Mas sejamos claros. Determinadas "protecções " podem parecer anacrónicas/desiguais num regime republicano, mas têm fundamento tendo em conta a possibilidade de a Republica se corromper. Torna-se assim axial a Lei conferir protecção especial a quem A Protege - Órgãos de Soberania (Deputados, Tribunais, Presidência....os militares deveriam ficar de fora).

Imagem de perfil

De Pedro Correia a 31.01.2018 às 16:53

Resumindo: num regime monárquico nem todos os cidadãos são iguais perante a lei.
E num regime republicano, como o nosso, também não.
Sem imagem de perfil

De Vlad, o Emborcador a 31.01.2018 às 16:58

Lei posta , rei deposto....

Pedro, as instituições republicanas, que defendem a Democracia, não se regem através de princípios democráticos.
Sem imagem de perfil

De Anónimo a 06.02.2018 às 02:45

Caro Pedro Correia, proponha-lhe um exercício:
Releia o que escreveu: "Resumindo: num regime monárquico nem todos os cidadãos são iguais perante a lei."
Agora pense, por digamos 3 minutos na Grande-Bretanha, na Dinamarca, Na Suécia ou em Espanha.
Volte a ler o que escreveu.
Imagem de perfil

De Pedro Correia a 06.02.2018 às 08:10

Claro. Nesses países, a quase totalidade dos cidadãos está impedida de ascender à chefia do Estado.
Ao contrário do que sucede em Portugal, onde o filho de um gasolineiro algarvio exerceu durante uma década as funções de Chefe do Estado. Se vivêssemos em Monarquia em vez de República, só um membro da família Bragança estaria autorizado a subir ao supremo patamar do poder estatal.
Sem imagem de perfil

De V. a 31.01.2018 às 20:18

Há muita coisa que continua "activa" mesmo quando as pessoas já não ocupam cargos que estavam dentro de regimes especiais. Reformas elevadas correspondentes a funções que já não são desempenhadas, por exemplo.

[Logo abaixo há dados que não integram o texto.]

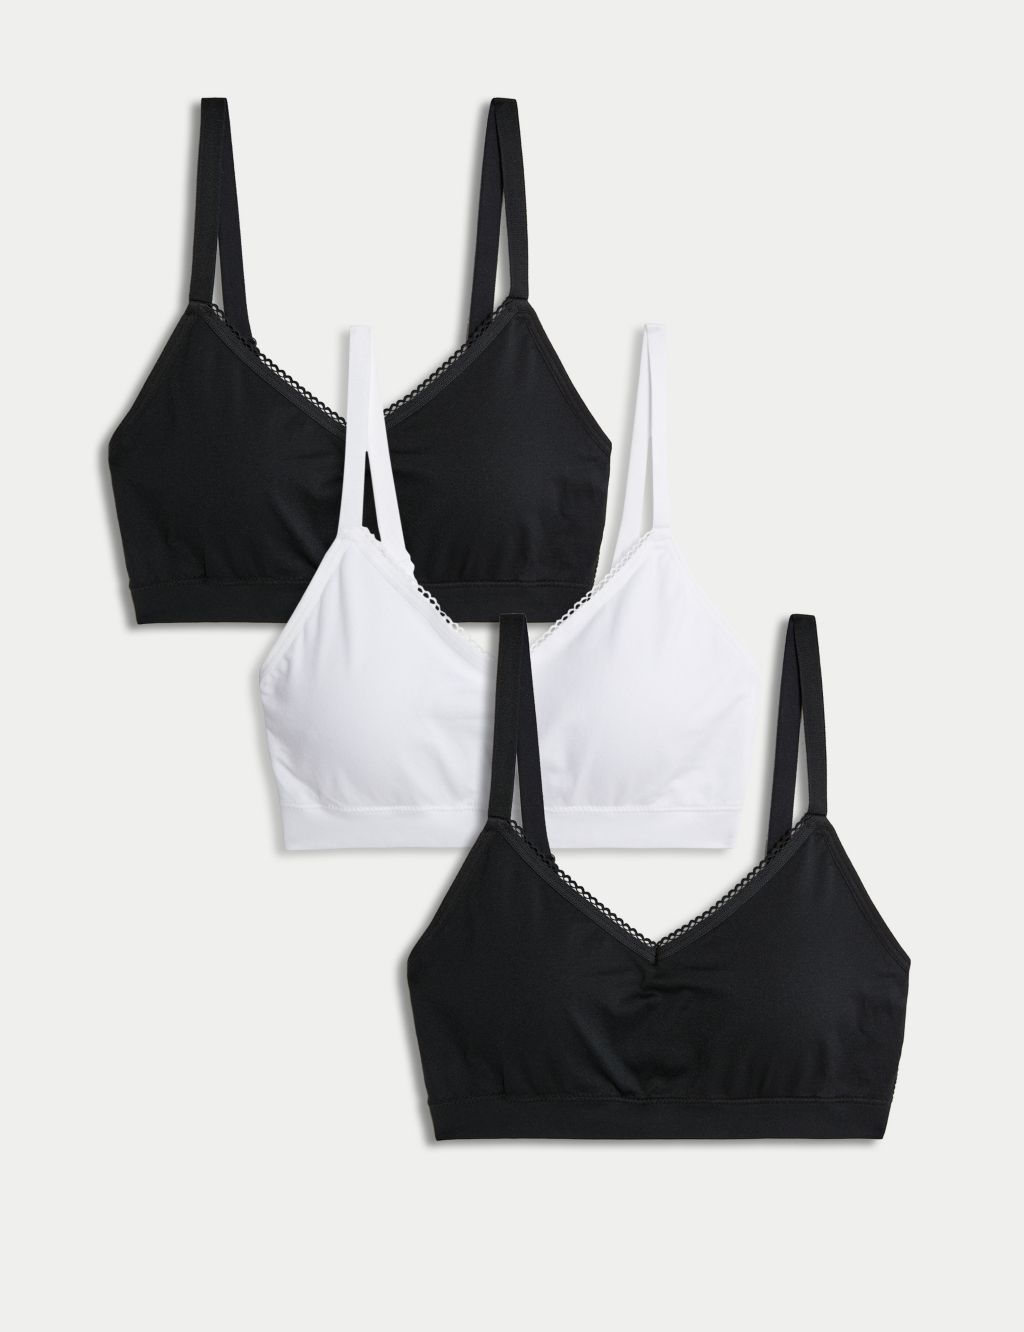 https://asset1.cxnmarksandspencer.com/is/image/mands/3pk-Seamless-Non-Wired-Bralettes/SD_02_T33_7029_Y4_X_EC_0?$PDP_IMAGEGRID$&wid=1024&qlt=80

Uma série de regalias que são vitalícias e que comprometem o equilíbrio de toda a SS. Funções que aliás não produzem nada senão burocracia e não criam riqueza mesmo quando são desempenhadas.
Sem imagem de perfil

De Anónimo a 31.01.2018 às 13:08

Apresento-vos a alegoria da cebola.
A cebola é feita de camadas e faz chorar os olhos.
Tal como a evolução social da humanidade.
Primeira camada - ignorância total - magia e feitiçaria.
Segunda camada - deus - religiões e igrejas.
Terceira camada - constituições - políticos, juízes e afins.
Enquanto a cebola tiver camadas e não der lugar ao povo, continuar-nos-ão a chorar os olhos.
Por quantas camadas?!
Por quanto tempo?!
João de Brito
Sem imagem de perfil

De Vlad, o Emborcador a 31.01.2018 às 13:51

João, quem é o Povo? É terreno ou celestial?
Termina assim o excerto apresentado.